The second pillar of the approach (in the lower half of Figure 2.1) involves VAR/VECM modelling to make use of estimated relationships between past employment and vacancies. This follows the methodology described in Lovaglio (2022). Sectoral vacancy and employment data from Eurostat at the 1-digit NACE Rev2 level by Member State are used. As vacancy series by occupation are available only for a limited set of countries, this part relies on sectoral data before applying a further step to derive occupation-level projections. The advantage of the VAR/VECM approach is the use of information the model can gather from changes in vacancies that, according to theory, are reasonably supposed to be early indicators for future employment changes. Not all pairs of series in all countries exhibit cointegration during test estimations, signifying a long-term relationship that justifies the application of a VECM model. An unrestricted VAR is estimated instead for cases of non-cointegration.

The conversion from sectoral results to occupations involves sector-by-2-digit occupation shares derived from an average of the last available periods of Eurostat annual data, similarly to the ARIMA case. This approach follows a procedure similar to the one used in the Cedefop Skills Forecast to link macroeconomic forecasts (disaggregated at sectoral level) to occupation and qualification outcomes.

2. Model selection procedure

The model selection procedure (to identify the ‘best’ model) takes the premise that a ‘good’ model should not violate important statistical or economic assumptions. Based on a number of viable models, the best-performing one is then chosen. To this end, a procedure (for both the ARIMA and VAR/VECM models) that applies a series of tests for statistical reliability and soundness was developed.

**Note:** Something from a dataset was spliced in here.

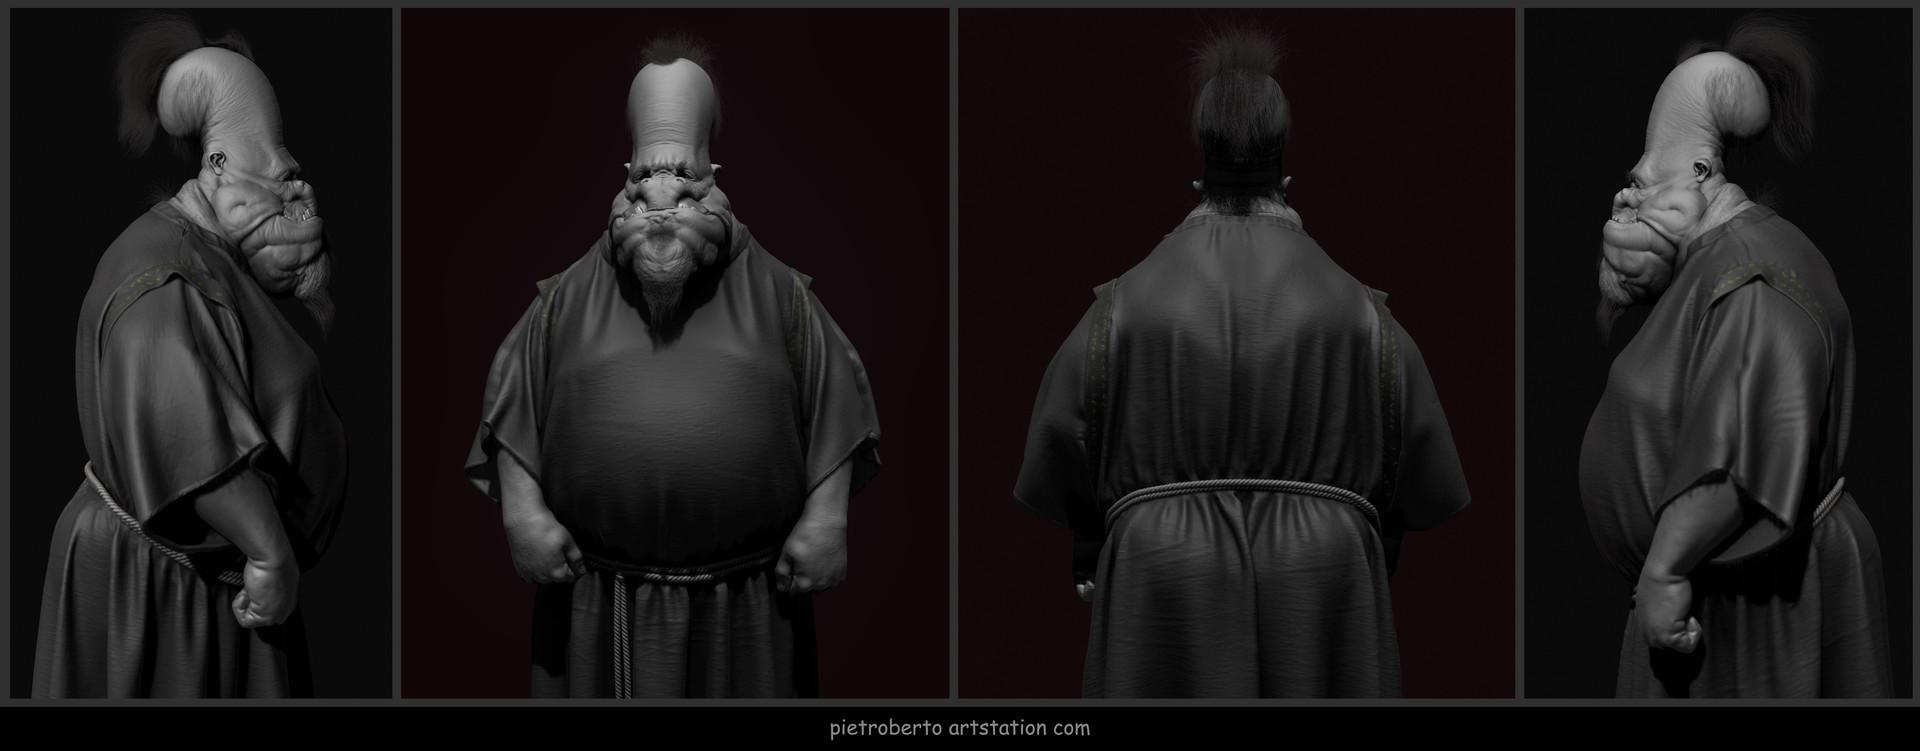 Pietro berto clothed mid

From the set of statistically sound models, those with superior out-of-sample forecast performance are preferred as the ‘best’ models. This performance is gauged by comparing forecast and outturn values for the most recent quarters in the data. The models are estimated on samples that exclude these quarters, and the prediction of the models evaluated according to root-mean-squared error (RMSE) over the chosen period. Both ARIMA and VAR/VECM models are subjected to this test to determine the best model from each part of the approach. Figure 2 summarises the model selection process, with more details provided in Section 4.

Figure 2 – Overview of model selection process.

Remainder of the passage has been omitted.